Statistics for RL

This page covers the statistics you need to analyze RL experiments: computing and interpreting mean, variance, standard deviation, standard error, histograms, and correlation. Back to Math for RL.

Core concepts

Mean

The sample mean (average) of observations \(x_1, \ldots, x_n\) is: \(\bar{x} = \frac{1}{n}\sum_{i=1}^n x_i\)

The mean is the single best summary of a dataset — it tells you the center of the distribution.

In RL: The average reward per episode is the most common performance metric. When comparing two policies, you compare their mean episode rewards across many evaluation runs.

Variance and standard deviation

The sample variance measures spread around the mean: \(\sigma^2 = \frac{1}{n-1}\sum_{i=1}^n (x_i - \bar{x})^2\)

The standard deviation is \(\sigma = \sqrt{\sigma^2}\) — it is in the same units as the data, making it more interpretable than variance.

In RL: High variance in returns means the policy is unstable — it sometimes achieves high rewards and sometimes fails.
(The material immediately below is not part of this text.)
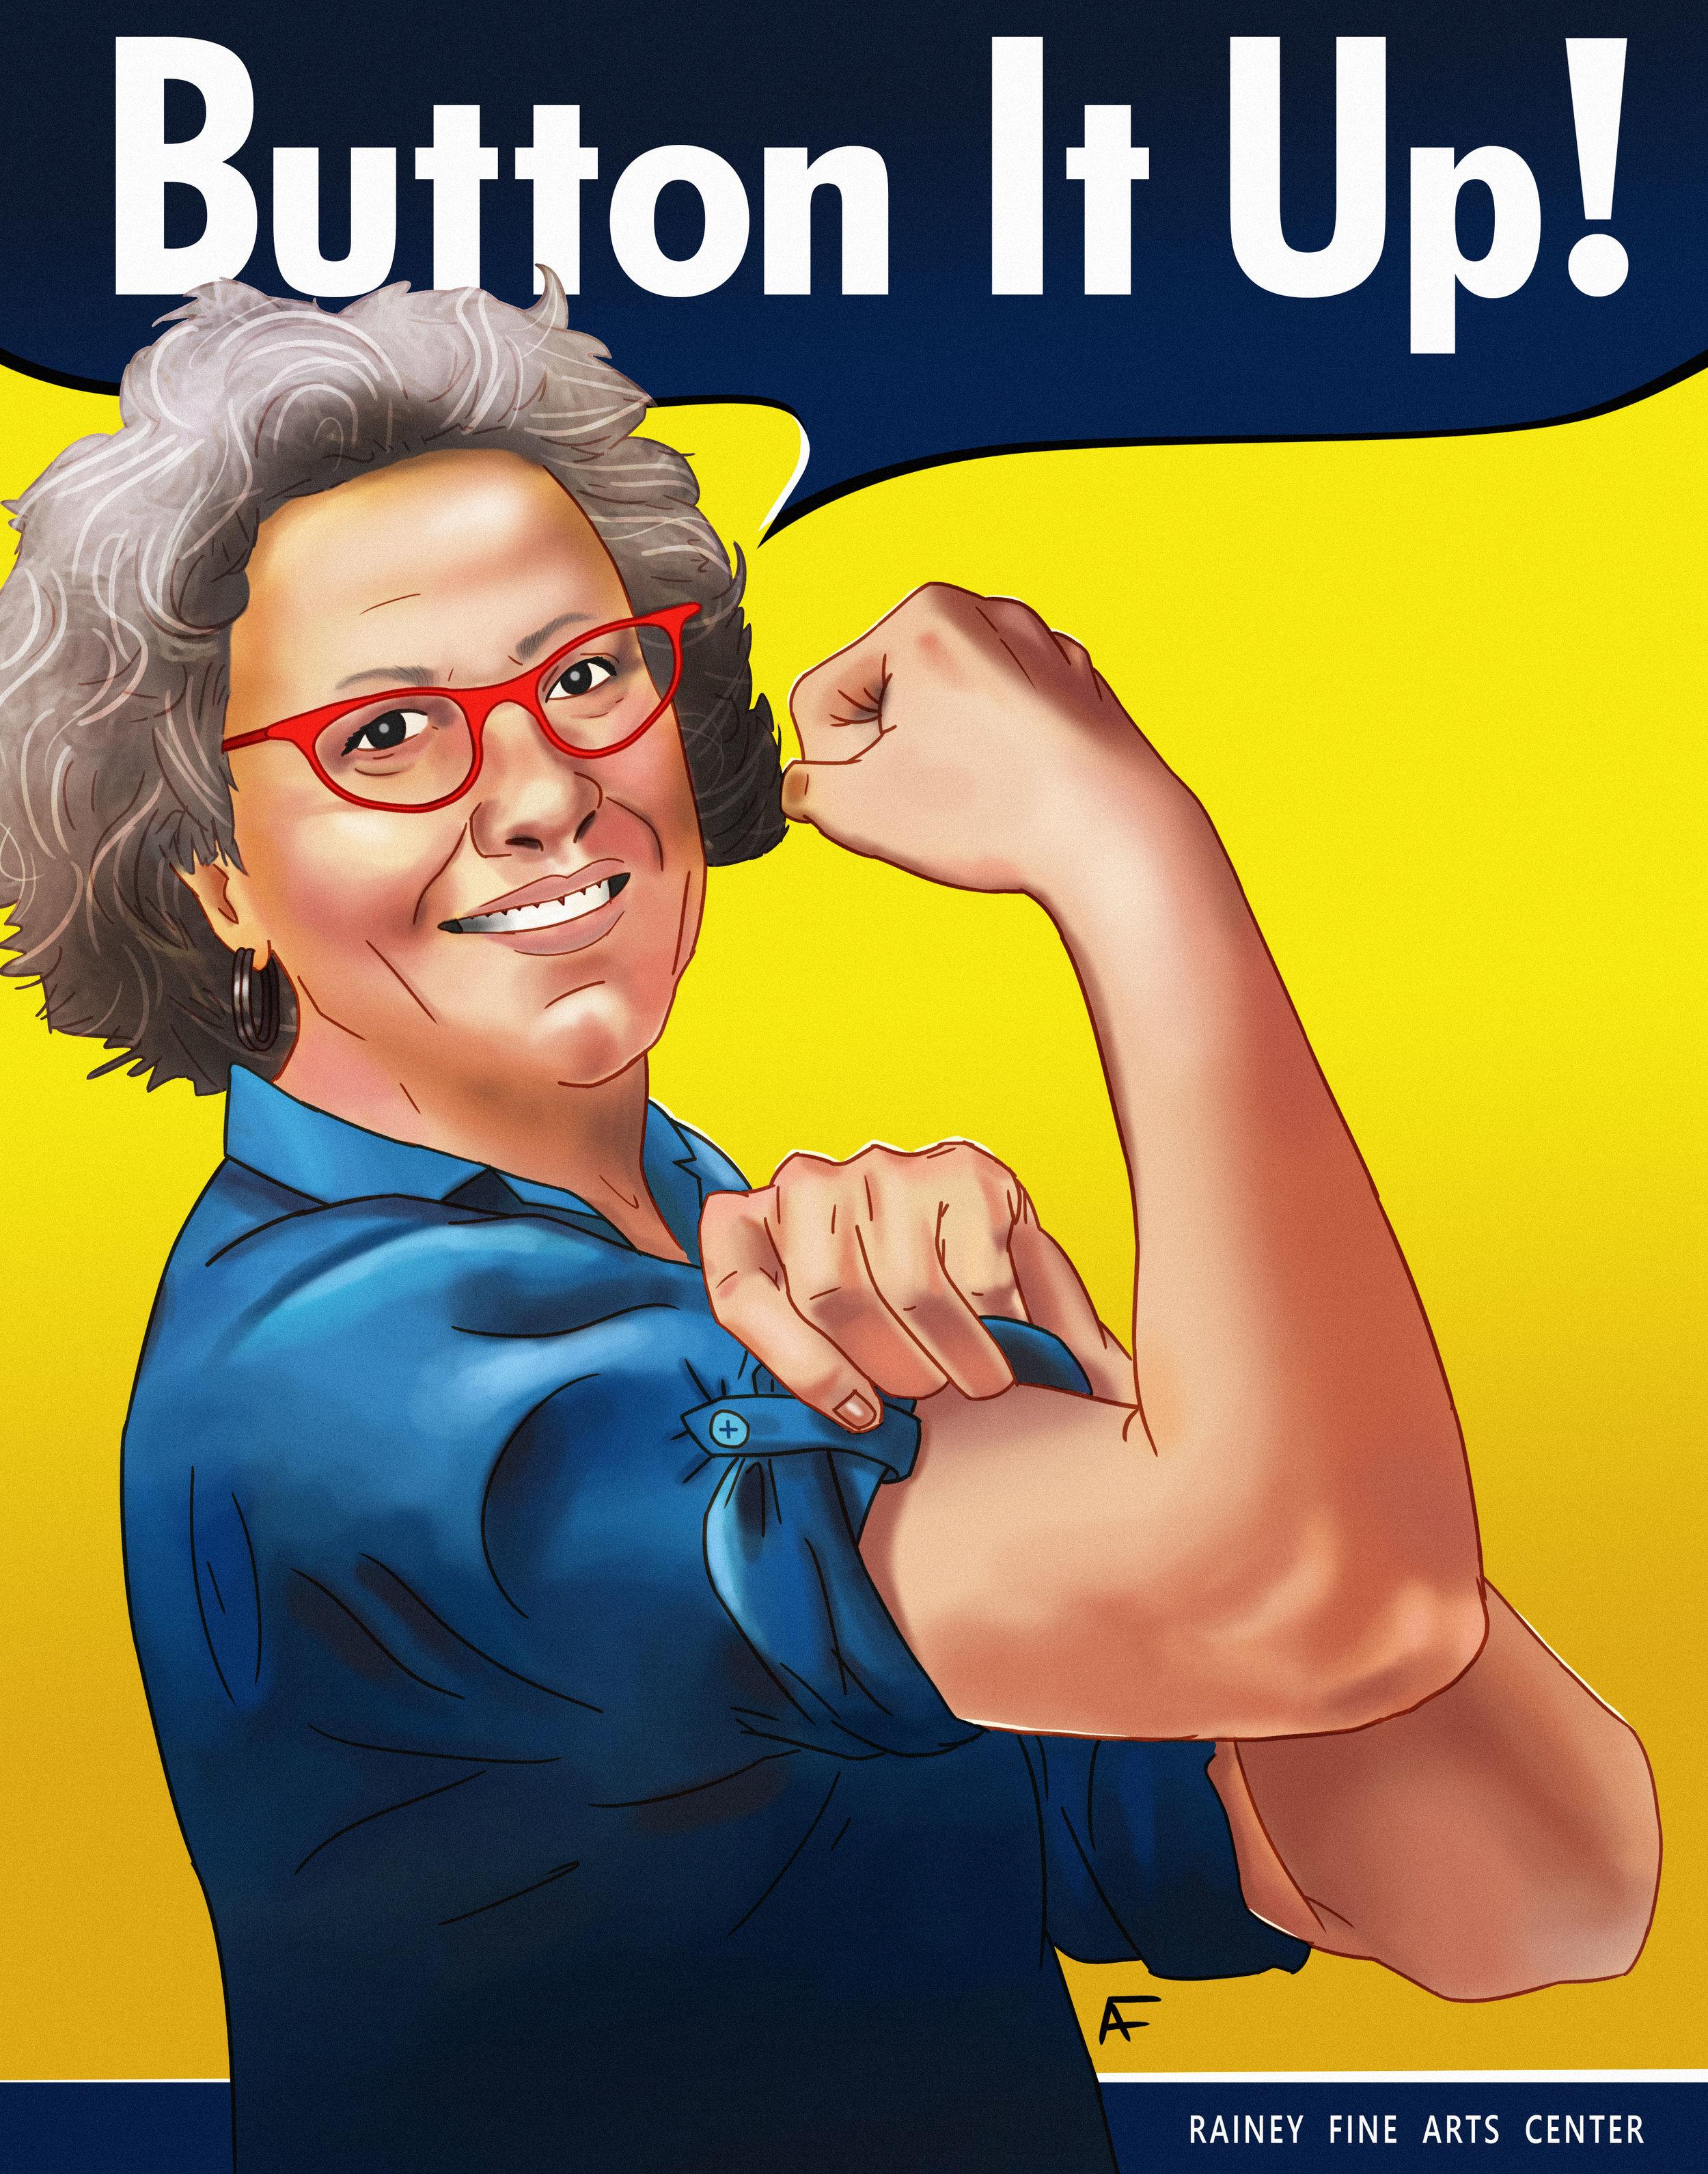 Frazier_Parody Professors Series_ Button It Up!_Digital Art_11inx14in.jpg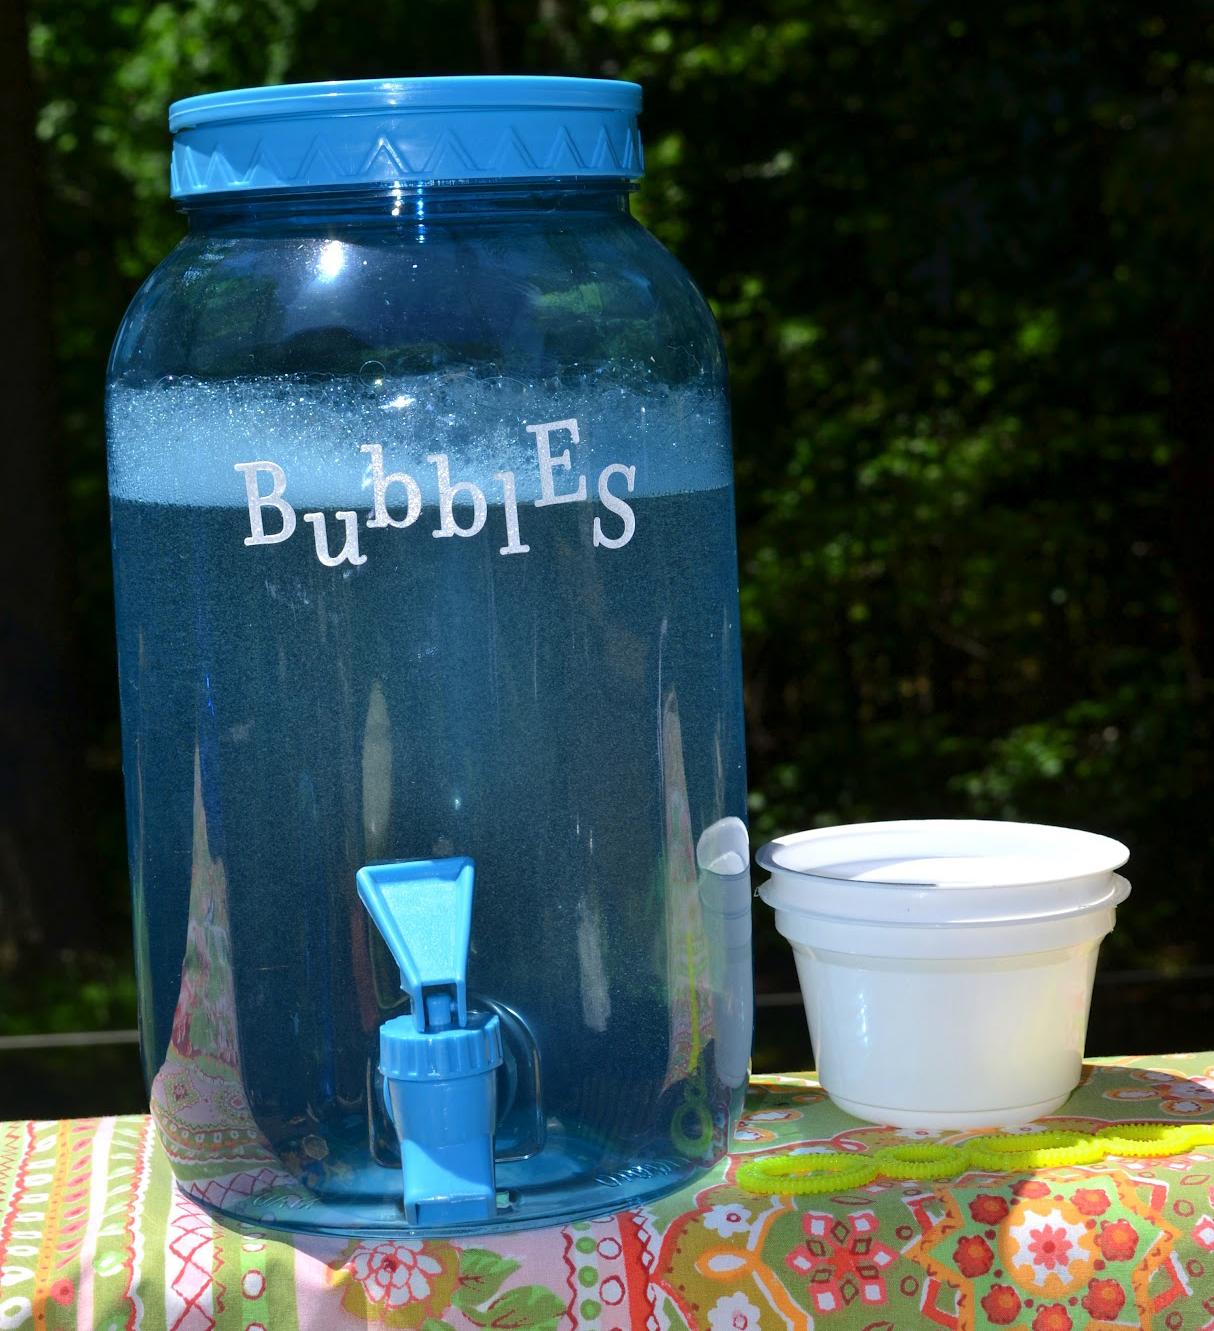 Set Up a Bubble Station

An unstable policy (high \(\sigma\)) is often worse than one with a lower mean but more consistency. Policy gradient methods (like PPO) explicitly reduce variance in the gradient estimate by using advantage functions.

Standard error of the mean

The standard error (SE) measures uncertainty in the sample mean itself: \(\text{SE} = \frac{\sigma}{\sqrt{n}}\)

SE decreases as you collect more samples — the more evaluation runs you do, the more confident you are in the mean.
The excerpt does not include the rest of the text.